**What the exercise asks**
Copy every entry below exactly as it appears, leaving out the images.

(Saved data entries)
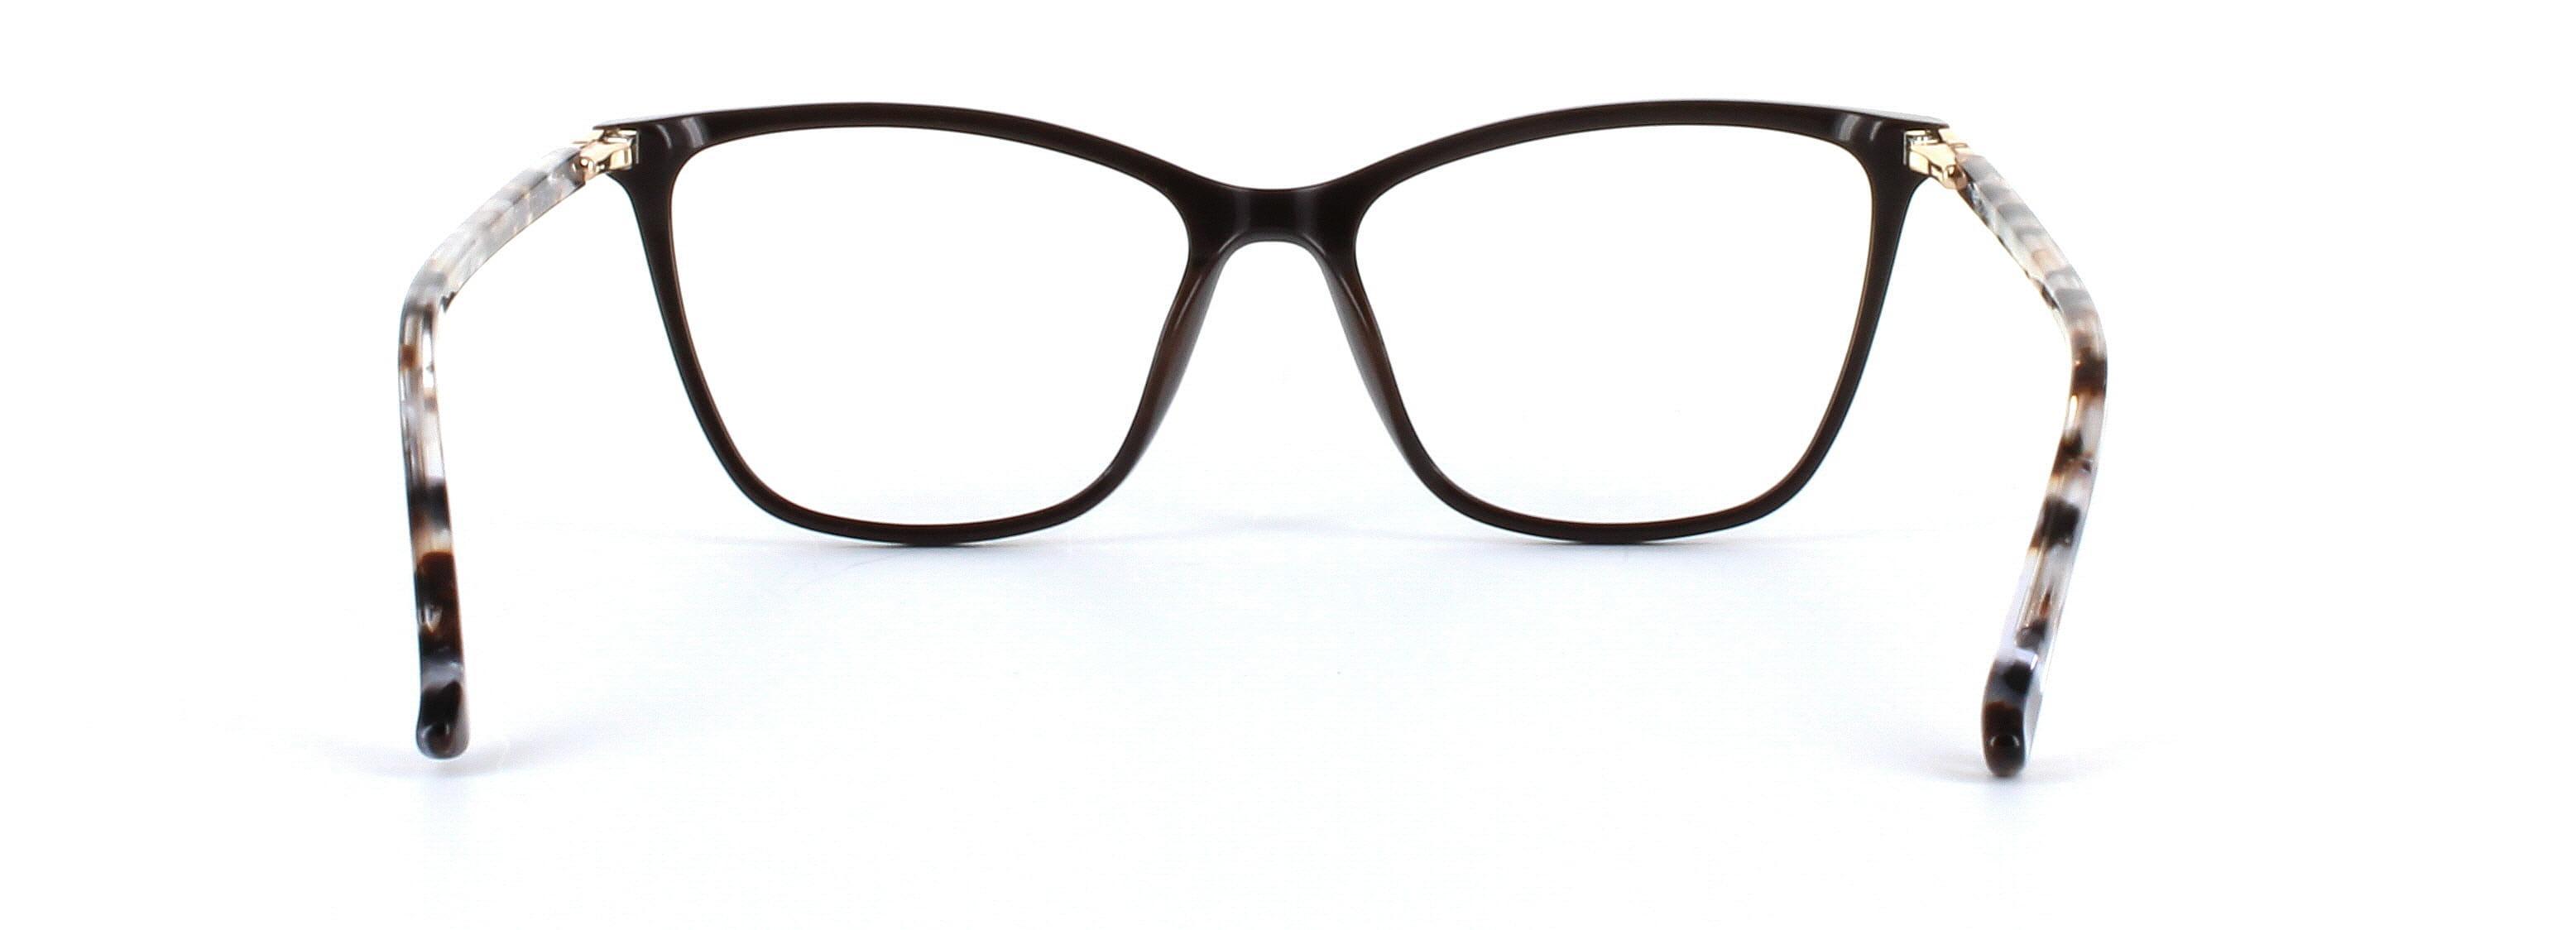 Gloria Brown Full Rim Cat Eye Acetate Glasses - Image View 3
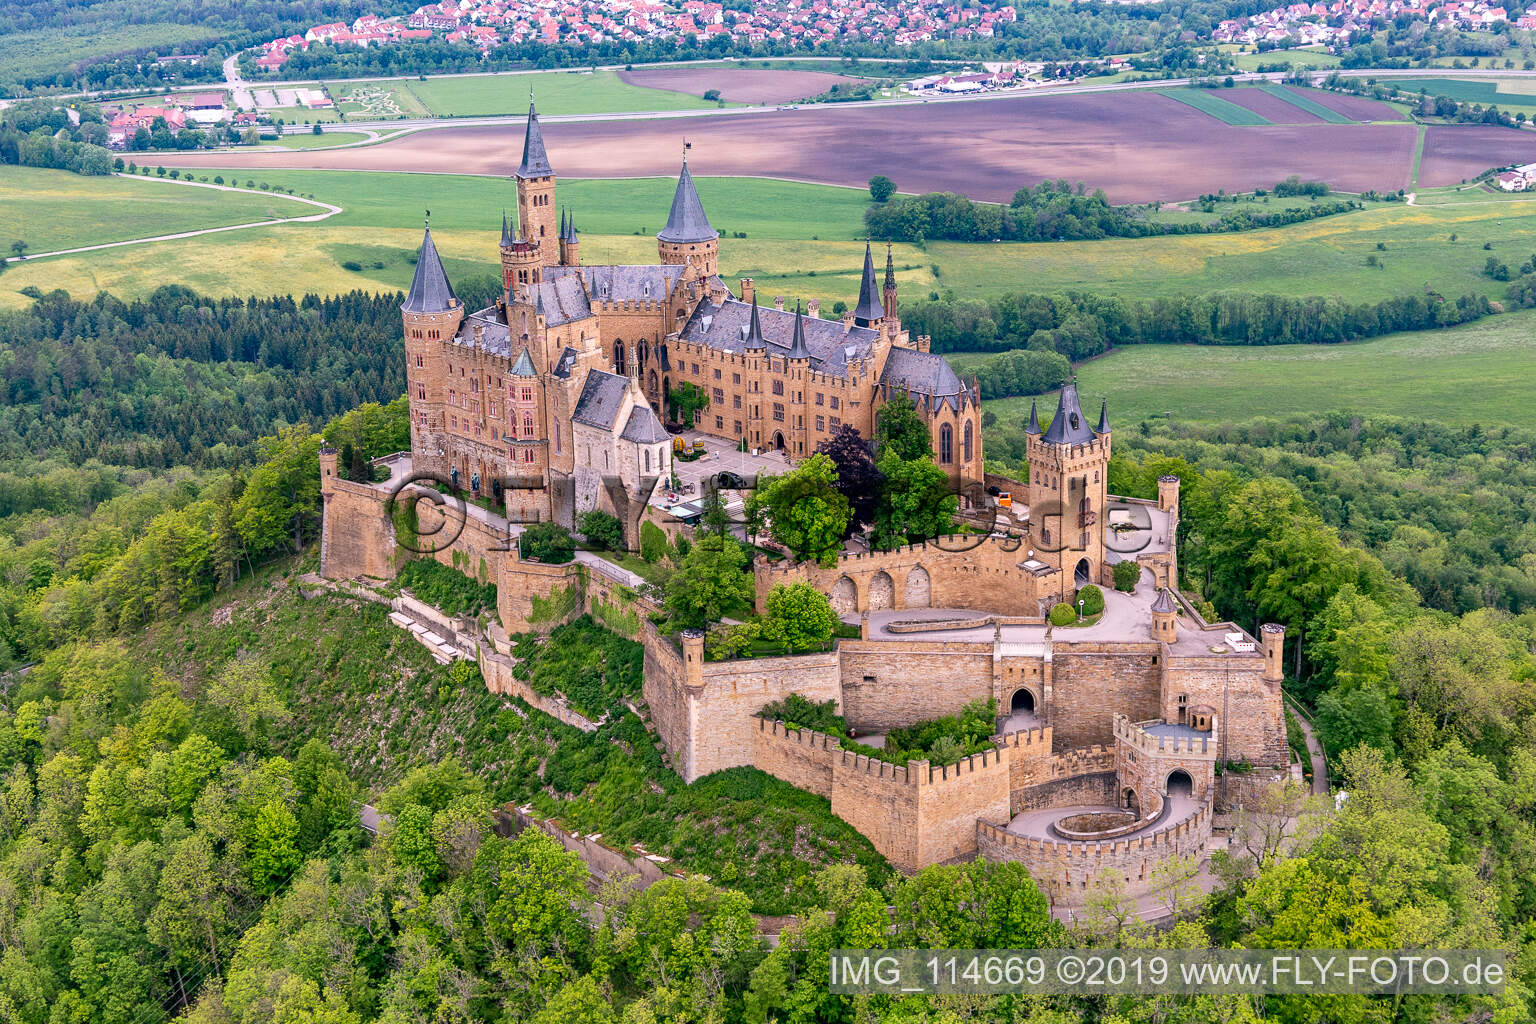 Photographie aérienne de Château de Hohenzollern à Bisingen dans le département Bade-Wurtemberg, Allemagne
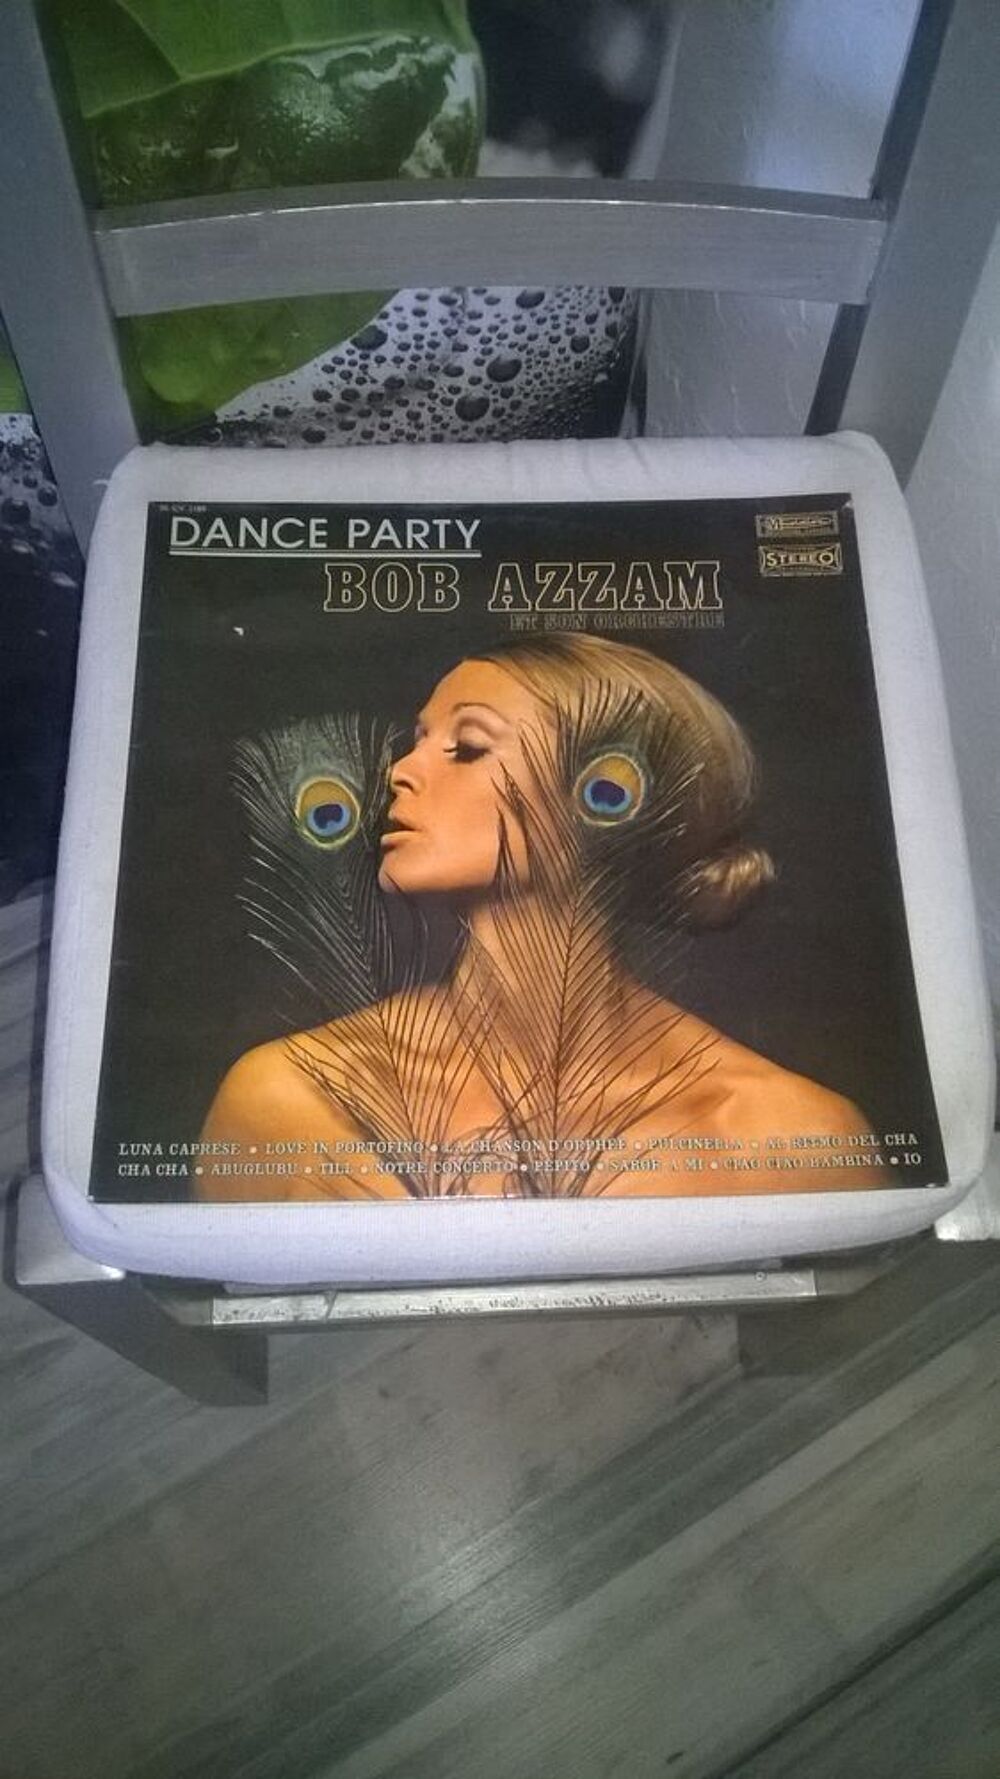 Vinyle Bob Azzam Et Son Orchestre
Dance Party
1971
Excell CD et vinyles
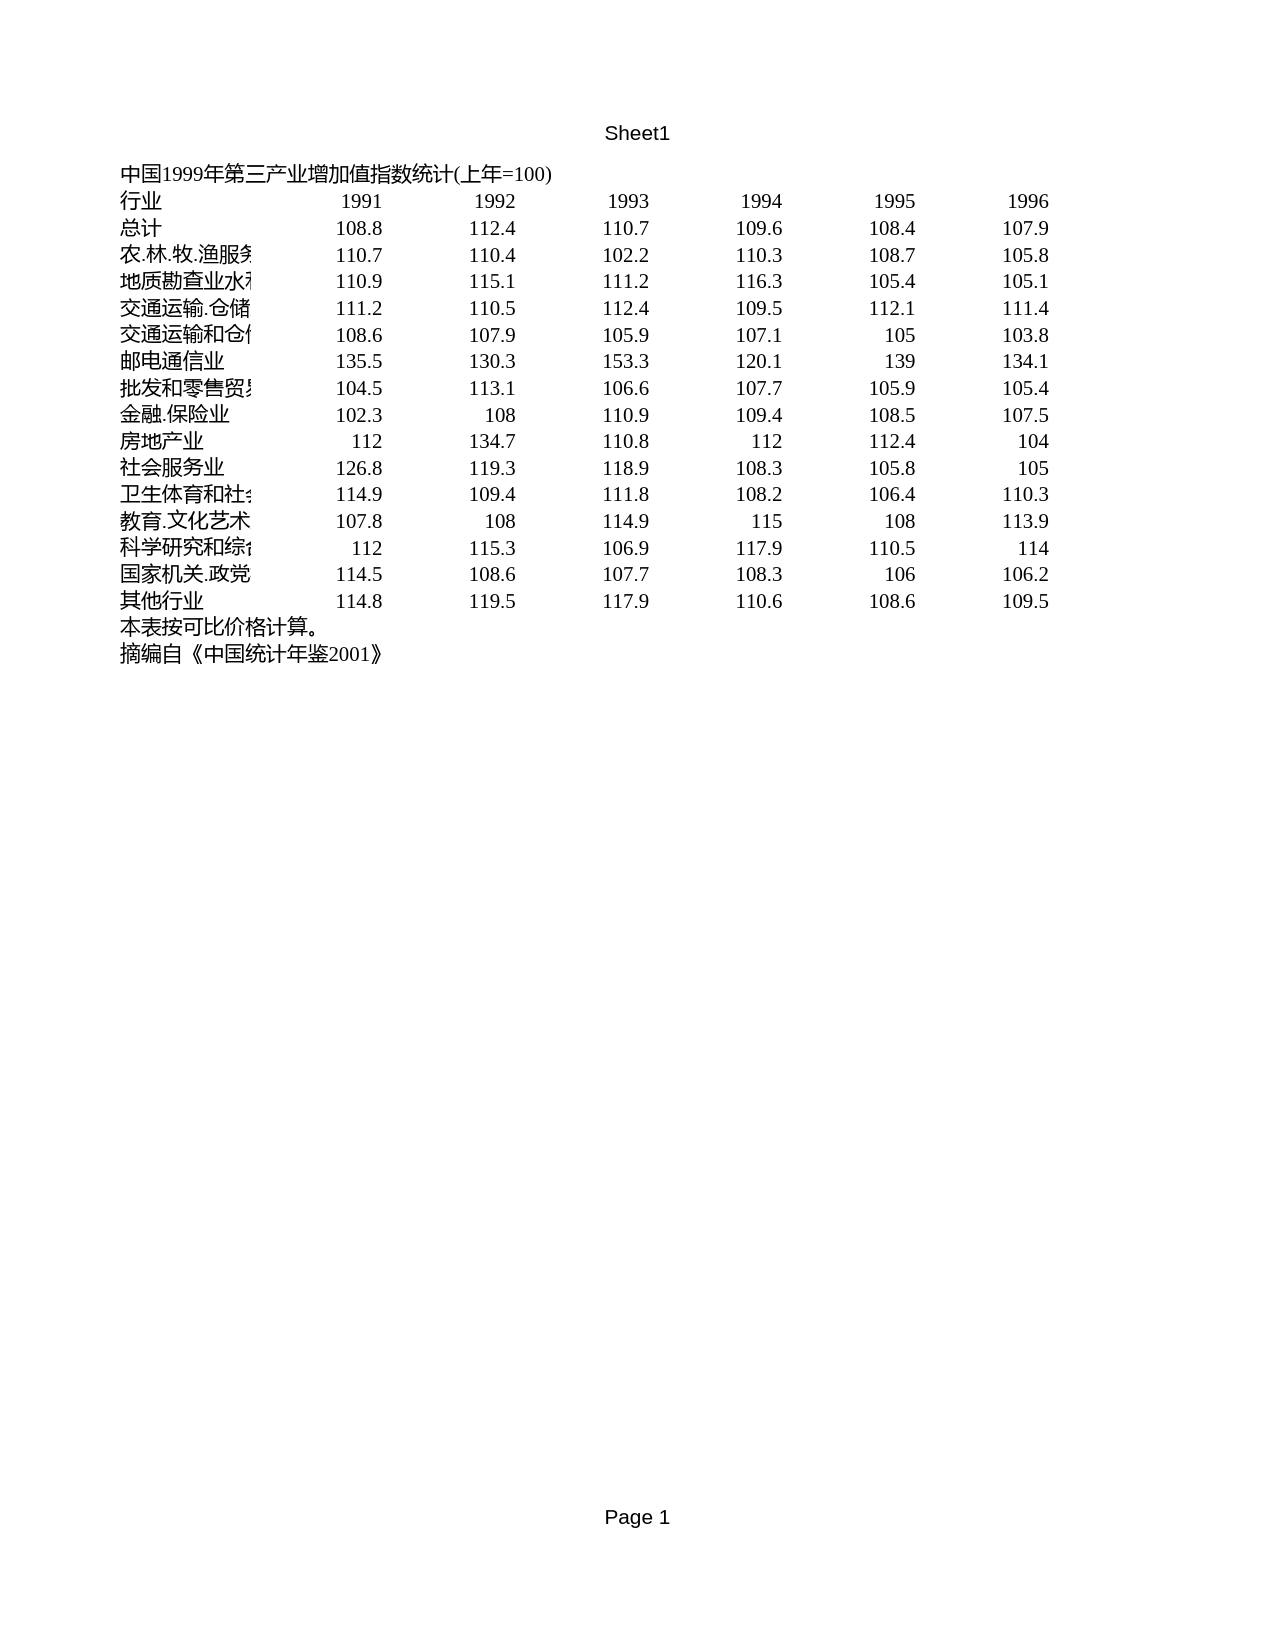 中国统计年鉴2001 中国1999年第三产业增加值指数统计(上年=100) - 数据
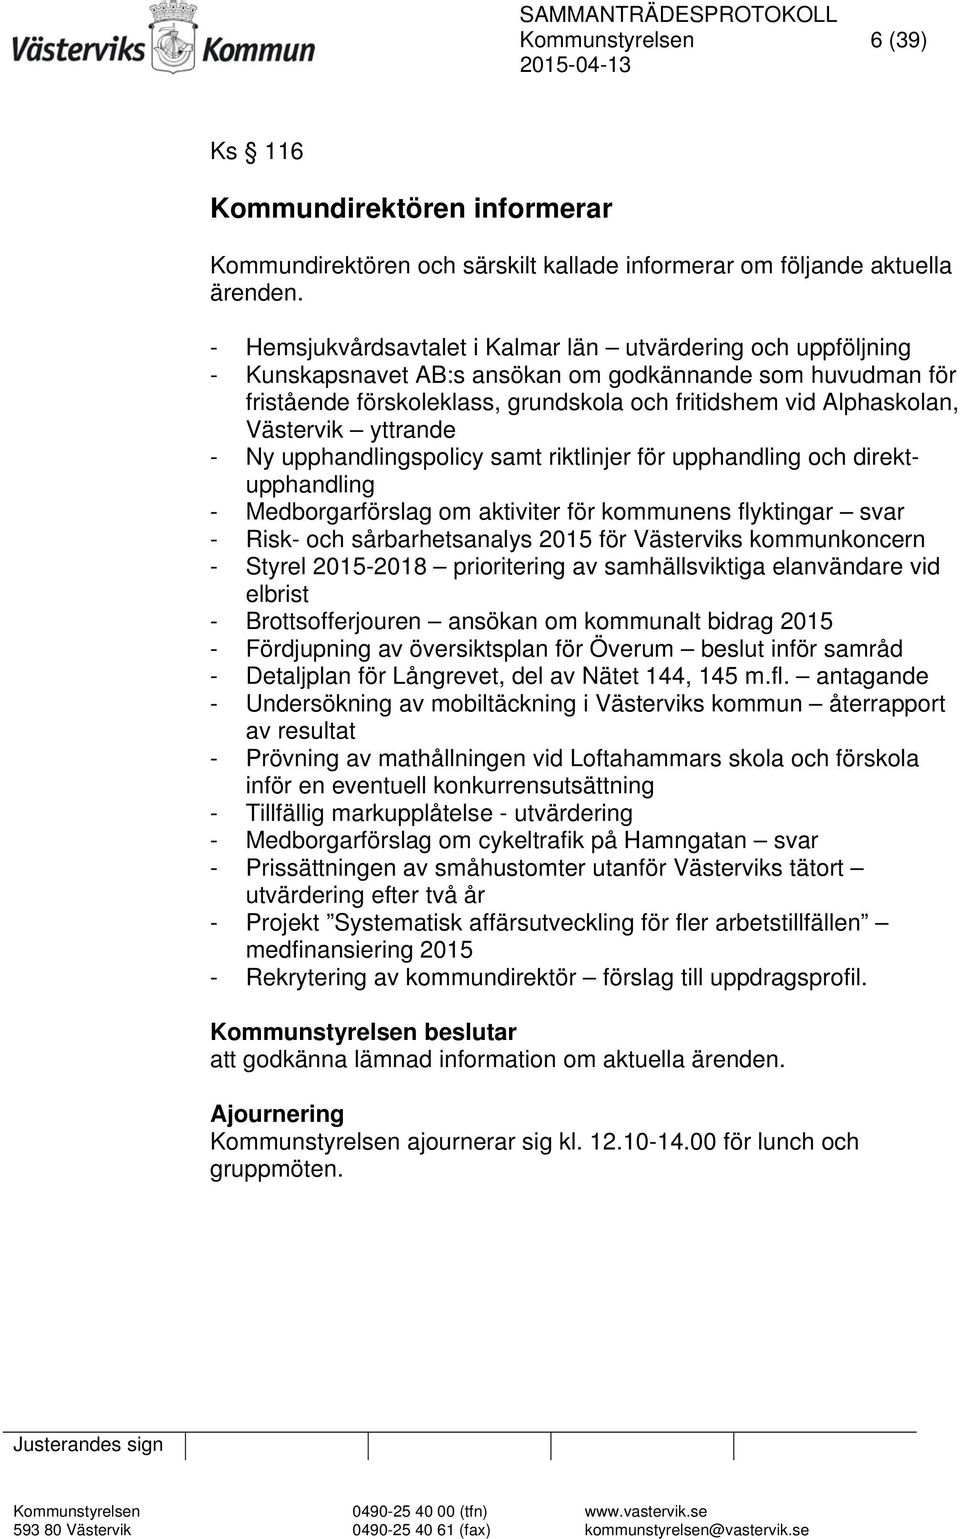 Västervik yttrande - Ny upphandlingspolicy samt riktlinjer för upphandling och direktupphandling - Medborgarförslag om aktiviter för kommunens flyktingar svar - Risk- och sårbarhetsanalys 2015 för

**Solution for this problem**
 Gloria Brown Full Rim Cat Eye Acetate Glasses - Image View 3
 Photographie aérienne de Château de Hohenzollern à Bisingen dans le département Bade-Wurtemberg, Allemagne
 Vinyle Bob Azzam Et Son Orchestre
Dance Party
1971
Excell CD et vinyles
 中国统计年鉴2001 中国1999年第三产业增加值指数统计(上年=100) - 数据
 Västervik yttrande - Ny upphandlingspolicy samt riktlinjer för upphandling och direktupphandling - Medborgarförslag om aktiviter för kommunens flyktingar svar - Risk- och sårbarhetsanalys 2015 för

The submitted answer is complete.